(Stored data)
....

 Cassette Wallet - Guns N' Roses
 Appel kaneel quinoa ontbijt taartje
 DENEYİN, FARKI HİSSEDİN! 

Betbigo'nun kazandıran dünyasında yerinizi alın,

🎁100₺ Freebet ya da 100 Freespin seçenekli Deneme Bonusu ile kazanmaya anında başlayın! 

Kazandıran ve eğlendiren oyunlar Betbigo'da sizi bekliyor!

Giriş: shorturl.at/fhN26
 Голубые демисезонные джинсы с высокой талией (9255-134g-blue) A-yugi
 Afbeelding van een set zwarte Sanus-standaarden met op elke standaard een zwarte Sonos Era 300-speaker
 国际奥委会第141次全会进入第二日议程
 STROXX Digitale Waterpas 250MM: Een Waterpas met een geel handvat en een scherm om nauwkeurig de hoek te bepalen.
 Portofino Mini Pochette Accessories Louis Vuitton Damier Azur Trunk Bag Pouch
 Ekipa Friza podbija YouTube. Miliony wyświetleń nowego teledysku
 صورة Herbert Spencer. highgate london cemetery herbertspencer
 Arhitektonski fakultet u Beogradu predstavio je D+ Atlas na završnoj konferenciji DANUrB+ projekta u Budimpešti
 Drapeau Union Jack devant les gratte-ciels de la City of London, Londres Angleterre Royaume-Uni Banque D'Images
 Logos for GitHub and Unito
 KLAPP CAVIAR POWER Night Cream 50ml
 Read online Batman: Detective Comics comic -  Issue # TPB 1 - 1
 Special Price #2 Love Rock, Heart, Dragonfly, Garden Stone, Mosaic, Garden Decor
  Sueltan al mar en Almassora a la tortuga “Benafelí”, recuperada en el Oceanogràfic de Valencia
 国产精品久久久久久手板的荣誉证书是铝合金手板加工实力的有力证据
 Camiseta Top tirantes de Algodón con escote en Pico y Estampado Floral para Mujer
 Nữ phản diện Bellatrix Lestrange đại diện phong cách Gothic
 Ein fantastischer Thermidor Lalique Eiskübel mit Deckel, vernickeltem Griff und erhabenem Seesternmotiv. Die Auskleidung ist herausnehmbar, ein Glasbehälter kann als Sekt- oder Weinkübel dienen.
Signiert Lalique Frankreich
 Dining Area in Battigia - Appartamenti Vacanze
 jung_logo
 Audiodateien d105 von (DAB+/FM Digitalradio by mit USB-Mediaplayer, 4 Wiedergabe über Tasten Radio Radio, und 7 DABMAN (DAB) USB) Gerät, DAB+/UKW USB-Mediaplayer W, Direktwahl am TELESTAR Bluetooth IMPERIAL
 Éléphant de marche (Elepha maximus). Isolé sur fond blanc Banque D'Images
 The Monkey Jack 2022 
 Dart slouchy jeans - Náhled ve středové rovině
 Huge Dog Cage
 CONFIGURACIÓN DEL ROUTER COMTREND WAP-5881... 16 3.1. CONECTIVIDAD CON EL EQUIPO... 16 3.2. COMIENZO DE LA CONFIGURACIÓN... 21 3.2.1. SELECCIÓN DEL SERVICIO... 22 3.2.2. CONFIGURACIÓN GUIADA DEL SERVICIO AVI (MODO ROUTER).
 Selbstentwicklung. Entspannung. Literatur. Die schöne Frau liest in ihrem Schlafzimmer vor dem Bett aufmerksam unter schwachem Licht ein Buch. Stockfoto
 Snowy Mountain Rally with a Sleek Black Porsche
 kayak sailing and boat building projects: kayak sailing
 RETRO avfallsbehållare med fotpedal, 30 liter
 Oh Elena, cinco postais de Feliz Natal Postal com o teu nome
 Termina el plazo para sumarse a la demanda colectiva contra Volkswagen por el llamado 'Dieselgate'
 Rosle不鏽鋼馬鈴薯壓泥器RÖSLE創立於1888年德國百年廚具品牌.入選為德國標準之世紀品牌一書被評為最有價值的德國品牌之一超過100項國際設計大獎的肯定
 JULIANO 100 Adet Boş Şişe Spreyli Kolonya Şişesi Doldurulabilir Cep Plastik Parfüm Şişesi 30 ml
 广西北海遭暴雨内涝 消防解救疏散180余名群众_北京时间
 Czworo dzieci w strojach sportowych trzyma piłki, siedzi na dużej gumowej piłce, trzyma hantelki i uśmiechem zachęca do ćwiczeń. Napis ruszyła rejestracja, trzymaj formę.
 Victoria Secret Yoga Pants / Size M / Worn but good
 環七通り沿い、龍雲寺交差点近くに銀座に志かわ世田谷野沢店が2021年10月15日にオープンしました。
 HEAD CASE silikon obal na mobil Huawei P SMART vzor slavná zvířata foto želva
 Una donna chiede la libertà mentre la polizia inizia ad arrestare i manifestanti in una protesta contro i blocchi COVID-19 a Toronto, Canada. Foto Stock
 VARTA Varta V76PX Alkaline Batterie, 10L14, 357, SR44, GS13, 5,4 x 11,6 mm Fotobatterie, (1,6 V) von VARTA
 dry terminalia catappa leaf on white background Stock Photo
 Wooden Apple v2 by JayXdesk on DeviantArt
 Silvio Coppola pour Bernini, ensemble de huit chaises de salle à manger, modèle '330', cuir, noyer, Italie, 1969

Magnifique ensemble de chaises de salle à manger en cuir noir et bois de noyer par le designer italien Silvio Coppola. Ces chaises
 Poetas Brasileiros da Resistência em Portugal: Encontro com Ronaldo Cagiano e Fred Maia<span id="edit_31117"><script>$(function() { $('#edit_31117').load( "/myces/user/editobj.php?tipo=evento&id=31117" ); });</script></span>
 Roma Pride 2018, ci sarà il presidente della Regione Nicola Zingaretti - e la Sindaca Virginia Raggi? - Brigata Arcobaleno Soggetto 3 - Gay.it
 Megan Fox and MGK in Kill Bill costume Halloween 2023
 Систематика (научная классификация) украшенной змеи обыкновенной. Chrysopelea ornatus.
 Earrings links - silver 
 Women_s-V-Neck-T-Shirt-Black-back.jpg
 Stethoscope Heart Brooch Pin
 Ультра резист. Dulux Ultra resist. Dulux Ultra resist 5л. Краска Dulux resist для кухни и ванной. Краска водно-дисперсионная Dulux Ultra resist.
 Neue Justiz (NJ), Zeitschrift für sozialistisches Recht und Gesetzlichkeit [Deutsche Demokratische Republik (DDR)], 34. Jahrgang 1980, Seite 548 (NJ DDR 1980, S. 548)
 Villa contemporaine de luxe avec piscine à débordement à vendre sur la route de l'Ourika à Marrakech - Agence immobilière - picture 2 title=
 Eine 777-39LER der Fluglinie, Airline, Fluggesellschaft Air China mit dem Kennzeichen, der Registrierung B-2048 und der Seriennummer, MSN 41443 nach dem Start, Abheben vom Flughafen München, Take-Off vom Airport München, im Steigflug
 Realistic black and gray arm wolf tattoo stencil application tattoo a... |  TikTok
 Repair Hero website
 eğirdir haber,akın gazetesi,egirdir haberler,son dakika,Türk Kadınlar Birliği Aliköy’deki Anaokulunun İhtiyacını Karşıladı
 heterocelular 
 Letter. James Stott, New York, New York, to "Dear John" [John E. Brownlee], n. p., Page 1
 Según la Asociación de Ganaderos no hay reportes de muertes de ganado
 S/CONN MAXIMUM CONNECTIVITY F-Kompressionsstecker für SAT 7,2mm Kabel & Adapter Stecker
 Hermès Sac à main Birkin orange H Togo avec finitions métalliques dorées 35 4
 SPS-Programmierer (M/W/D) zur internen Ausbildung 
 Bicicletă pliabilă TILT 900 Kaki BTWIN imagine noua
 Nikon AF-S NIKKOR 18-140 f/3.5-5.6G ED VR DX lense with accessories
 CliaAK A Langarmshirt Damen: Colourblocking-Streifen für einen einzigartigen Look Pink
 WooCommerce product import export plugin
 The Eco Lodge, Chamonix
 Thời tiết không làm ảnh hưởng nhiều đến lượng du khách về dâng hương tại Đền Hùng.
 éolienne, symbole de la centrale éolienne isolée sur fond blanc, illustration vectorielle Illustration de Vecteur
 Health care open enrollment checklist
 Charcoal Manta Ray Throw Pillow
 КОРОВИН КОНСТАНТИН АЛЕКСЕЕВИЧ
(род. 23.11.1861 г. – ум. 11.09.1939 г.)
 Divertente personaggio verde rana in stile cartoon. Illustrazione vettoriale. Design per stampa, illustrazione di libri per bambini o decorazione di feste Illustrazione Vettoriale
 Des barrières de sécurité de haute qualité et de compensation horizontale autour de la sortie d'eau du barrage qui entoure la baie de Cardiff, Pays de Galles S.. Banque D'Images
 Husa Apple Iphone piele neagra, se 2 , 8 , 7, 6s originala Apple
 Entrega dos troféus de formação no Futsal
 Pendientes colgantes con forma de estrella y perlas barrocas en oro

....

:: What you are asked to do ::
Whenever a line above has the word "manger" in it, copy that line.

:: Solution to this exercise ::
 Silvio Coppola pour Bernini, ensemble de huit chaises de salle à manger, modèle '330', cuir, noyer, Italie, 1969
Magnifique ensemble de chaises de salle à manger en cuir noir et bois de noyer par le designer italien Silvio Coppola. Ces chaises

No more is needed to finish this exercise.